____ DATA RECORDS

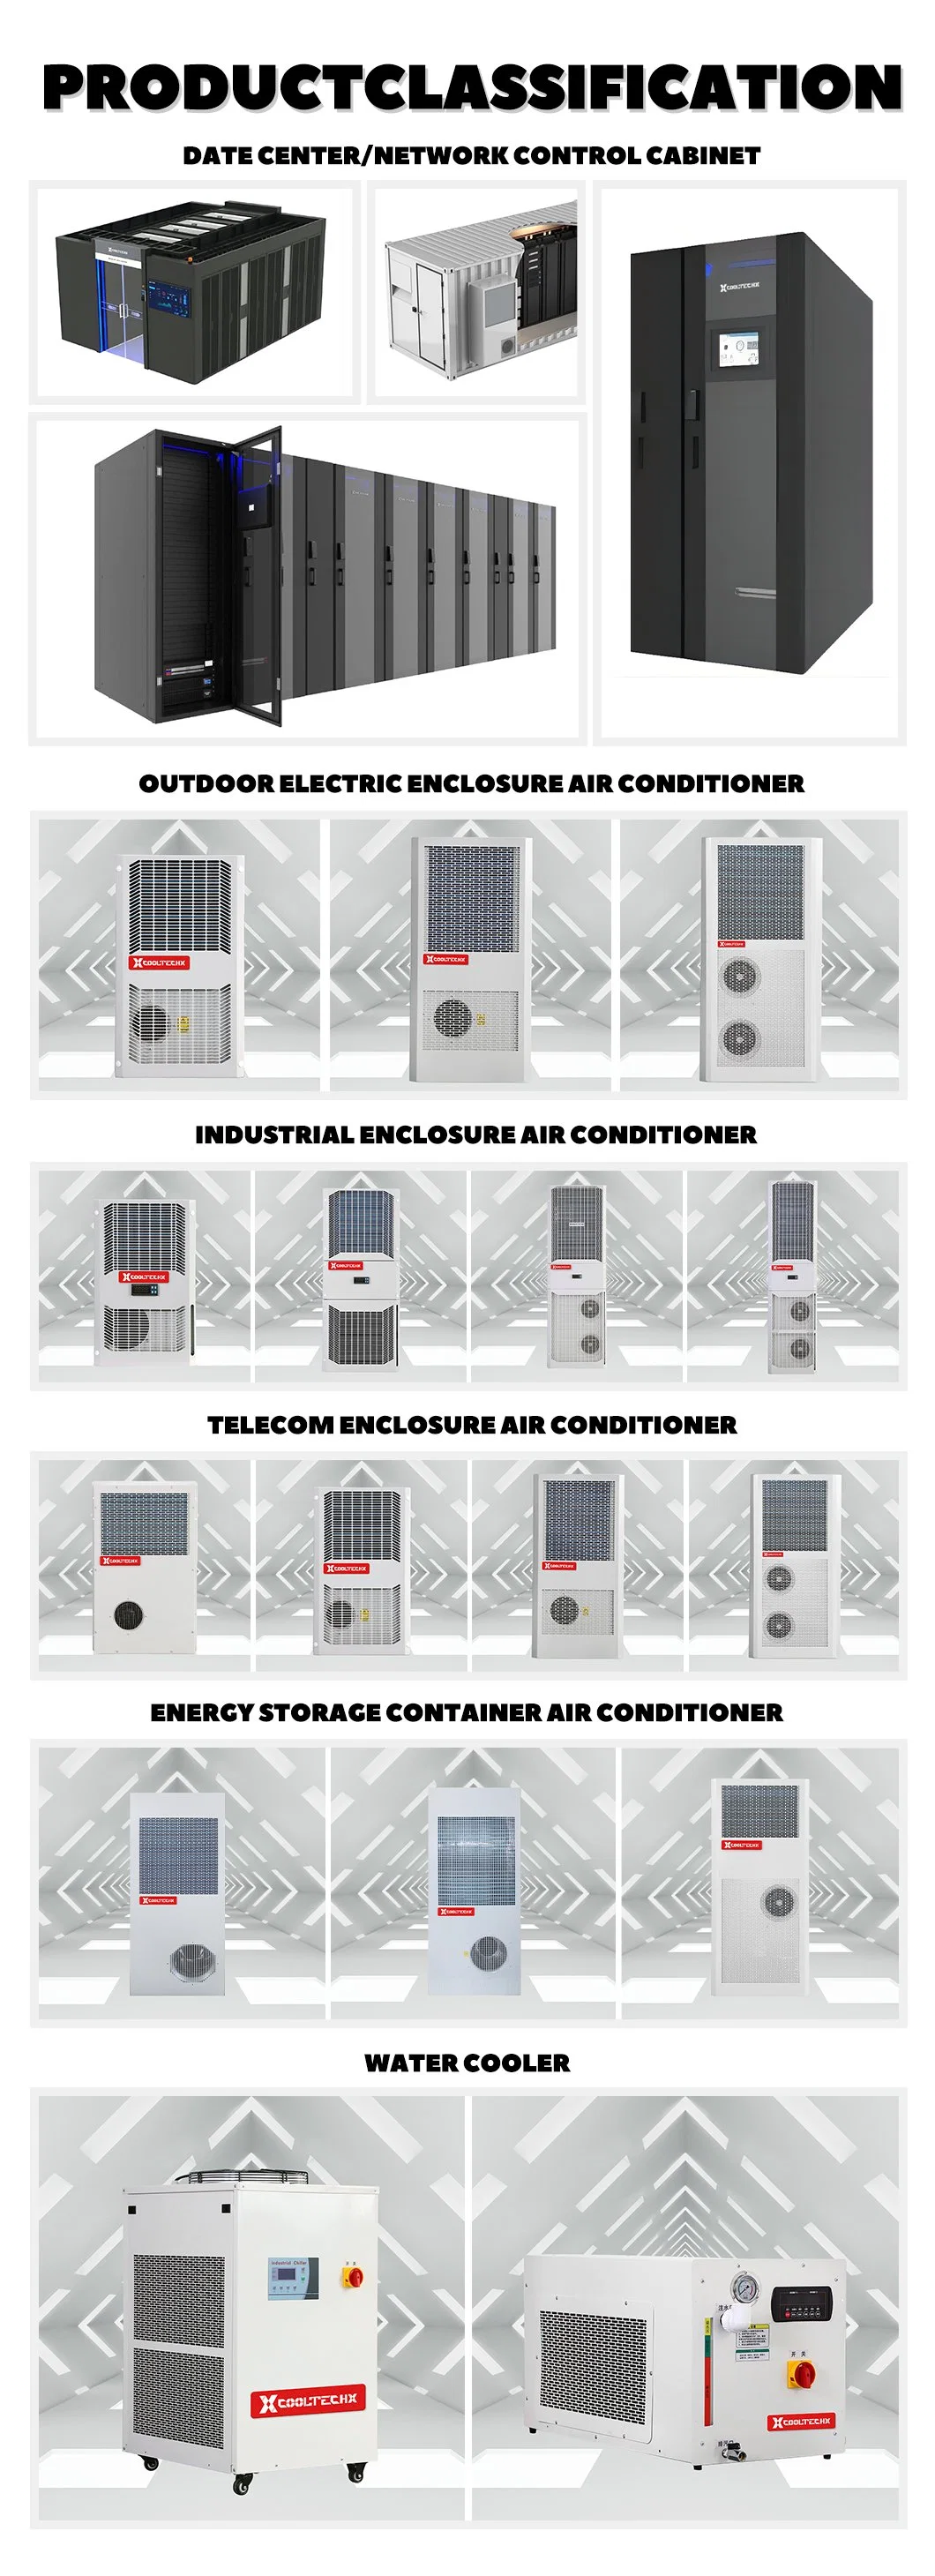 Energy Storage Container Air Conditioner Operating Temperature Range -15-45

________
____ DATA RECORDS

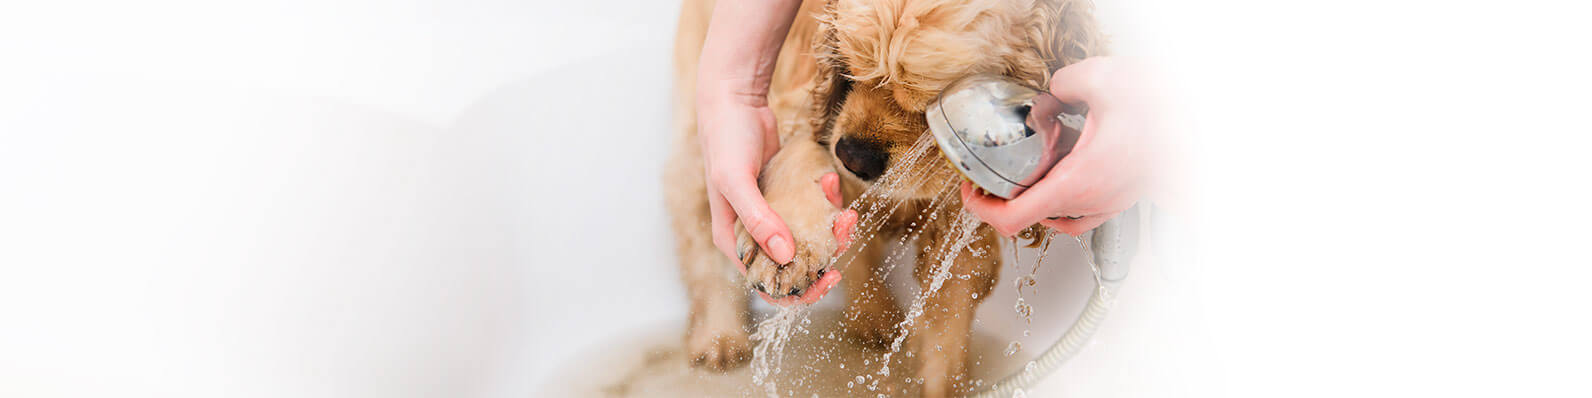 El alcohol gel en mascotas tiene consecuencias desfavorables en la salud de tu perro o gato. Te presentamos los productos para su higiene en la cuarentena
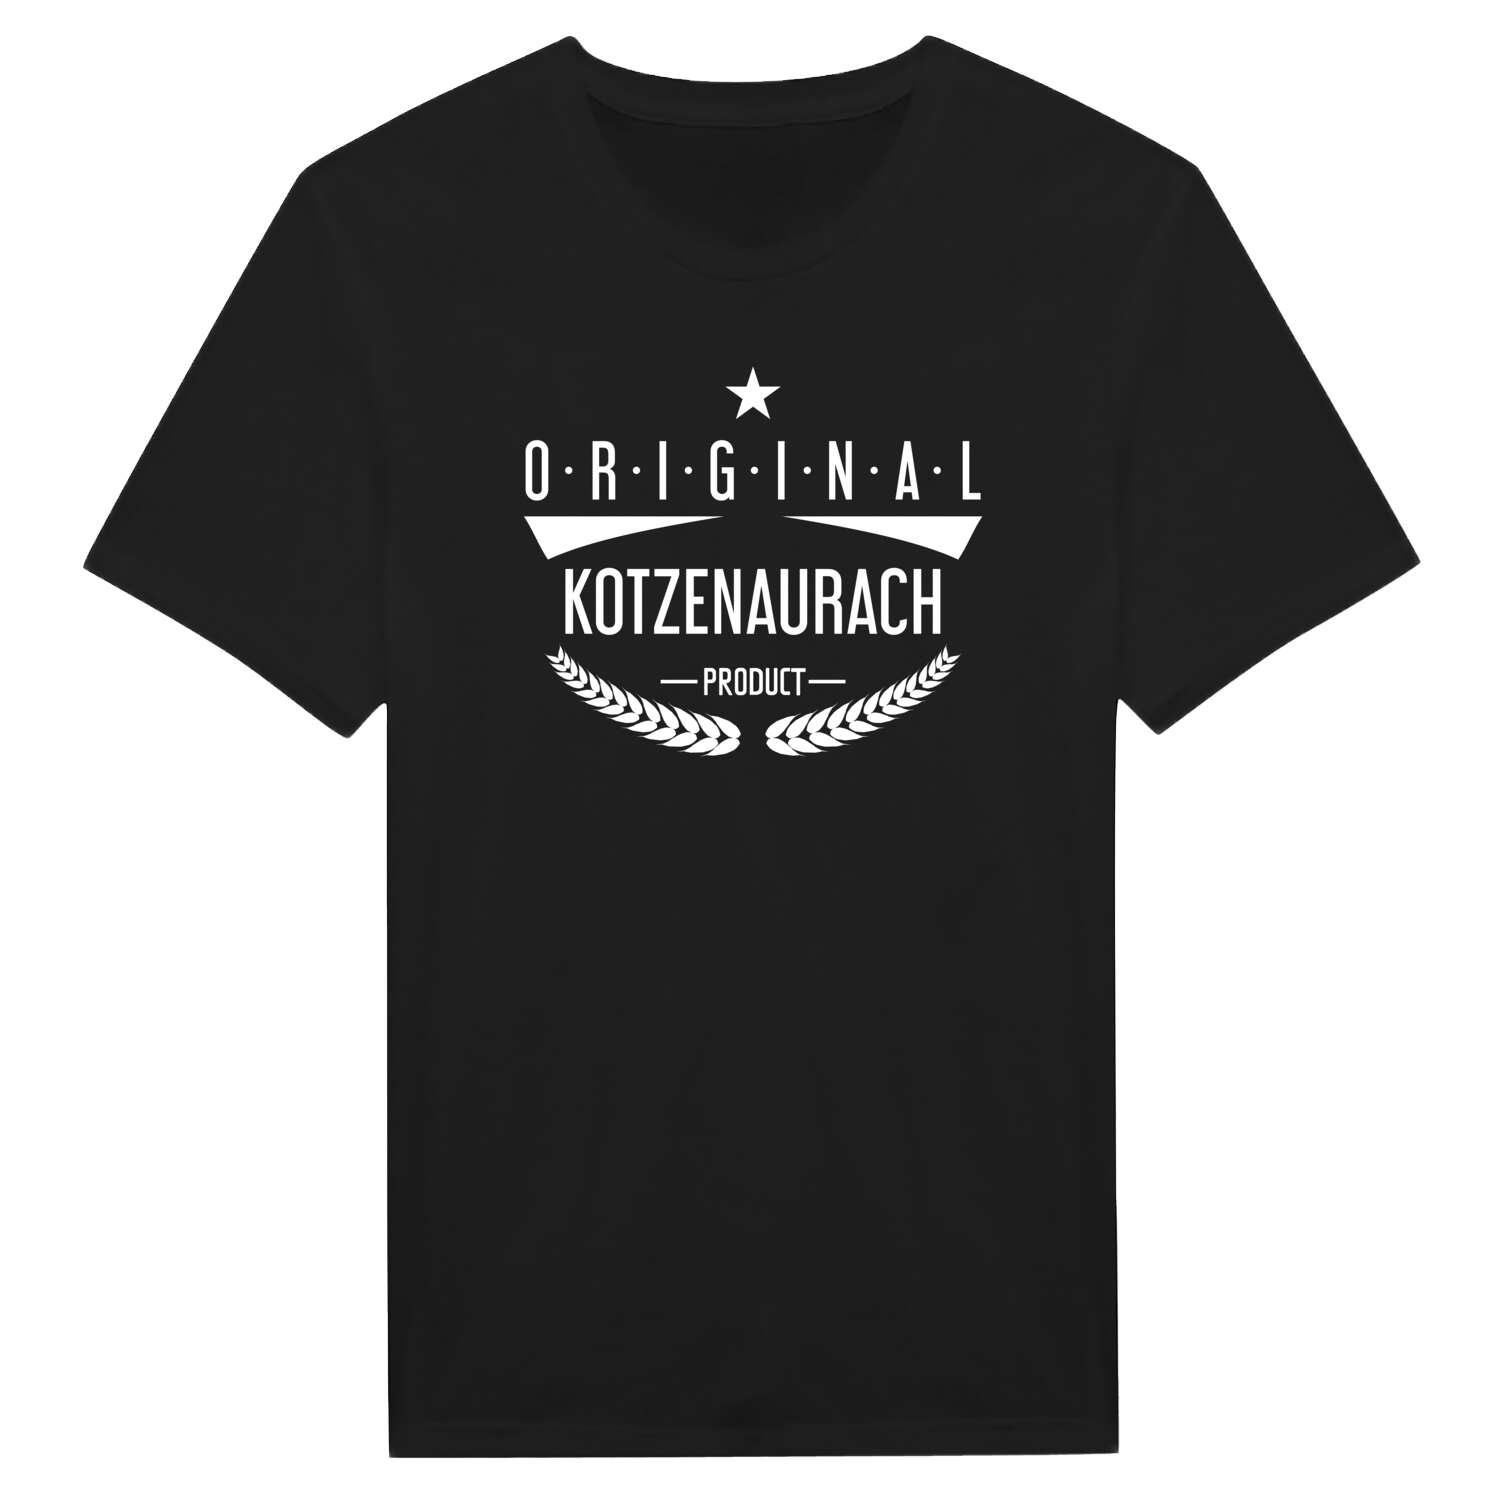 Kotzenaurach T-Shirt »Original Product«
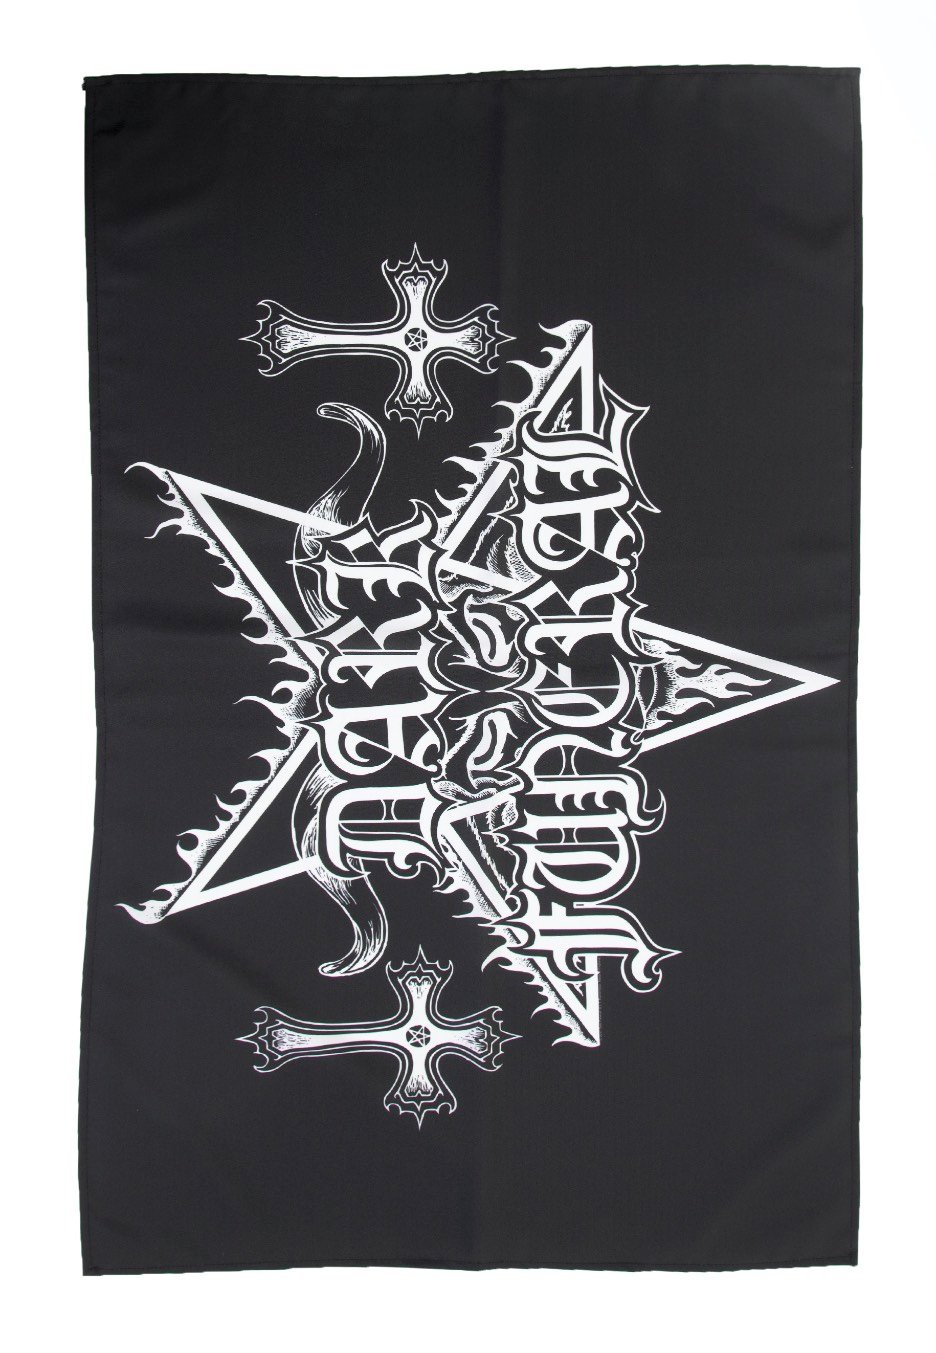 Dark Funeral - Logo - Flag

________
____ DATA RECORDS

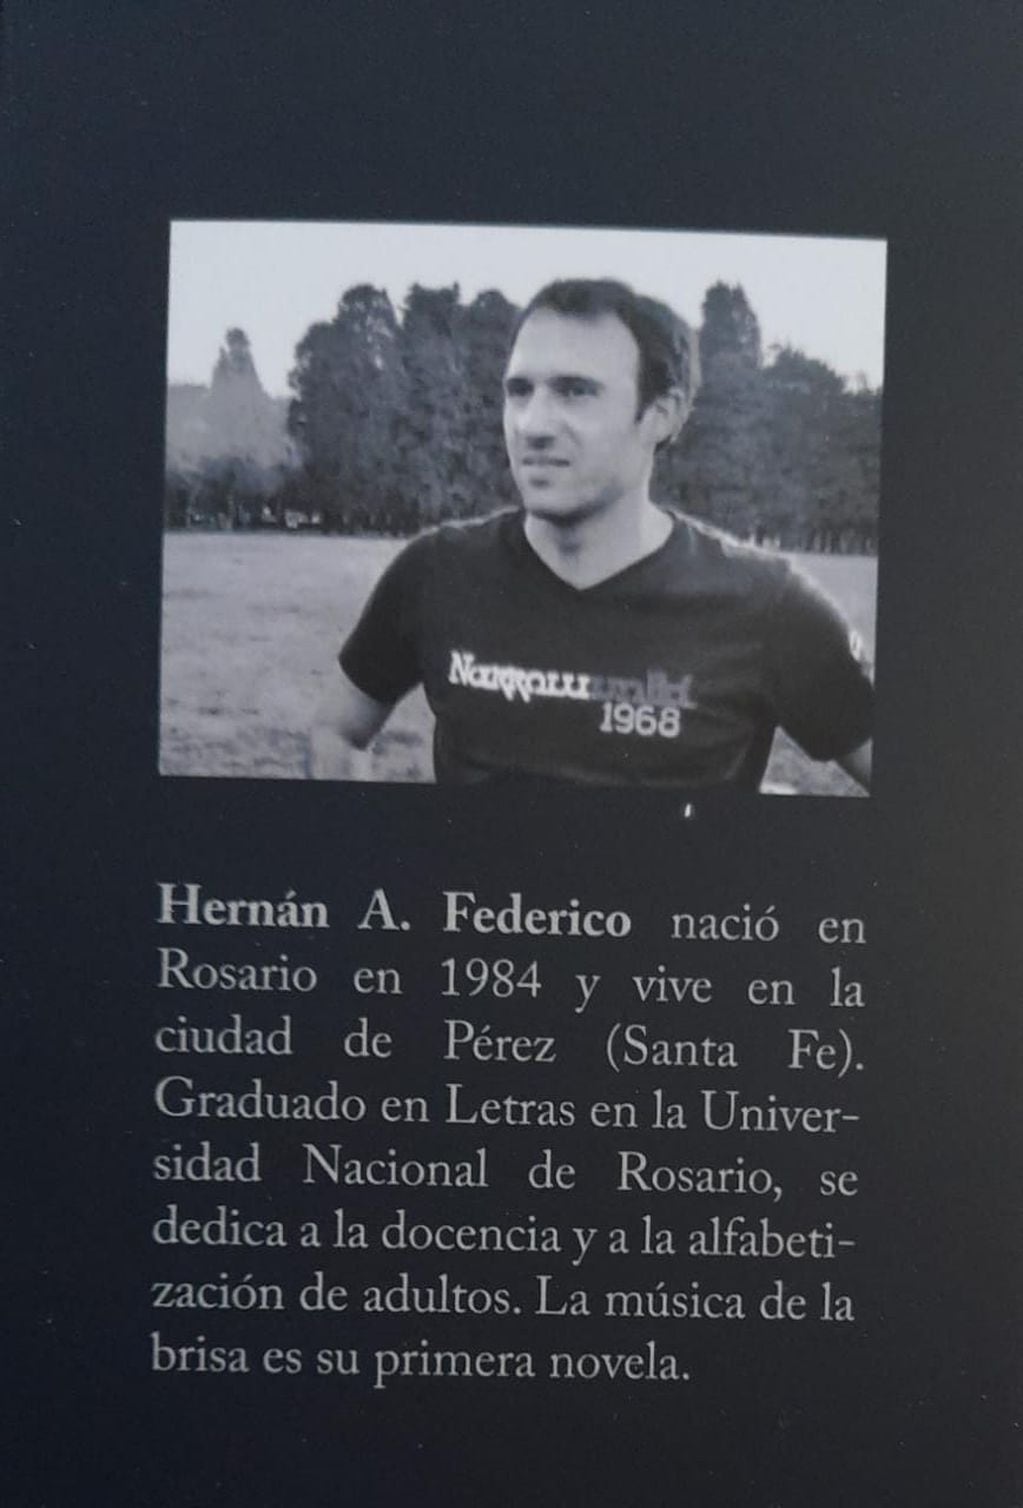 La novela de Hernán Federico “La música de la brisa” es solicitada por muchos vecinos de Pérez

________

* YOUR GOAL
From the material above, give again exactly the lines from the one that contains "El alcohol gel" through the one that contains "Dark Funeral - Logo - Flag", and leave out the pictures.

* RESPONSE BELOW
 El alcohol gel en mascotas tiene consecuencias desfavorables en la salud de tu perro o gato. Te presentamos los productos para su higiene en la cuarentena
 Kotzenaurach T-Shirt »Original Product«
 Dark Funeral - Logo - Flag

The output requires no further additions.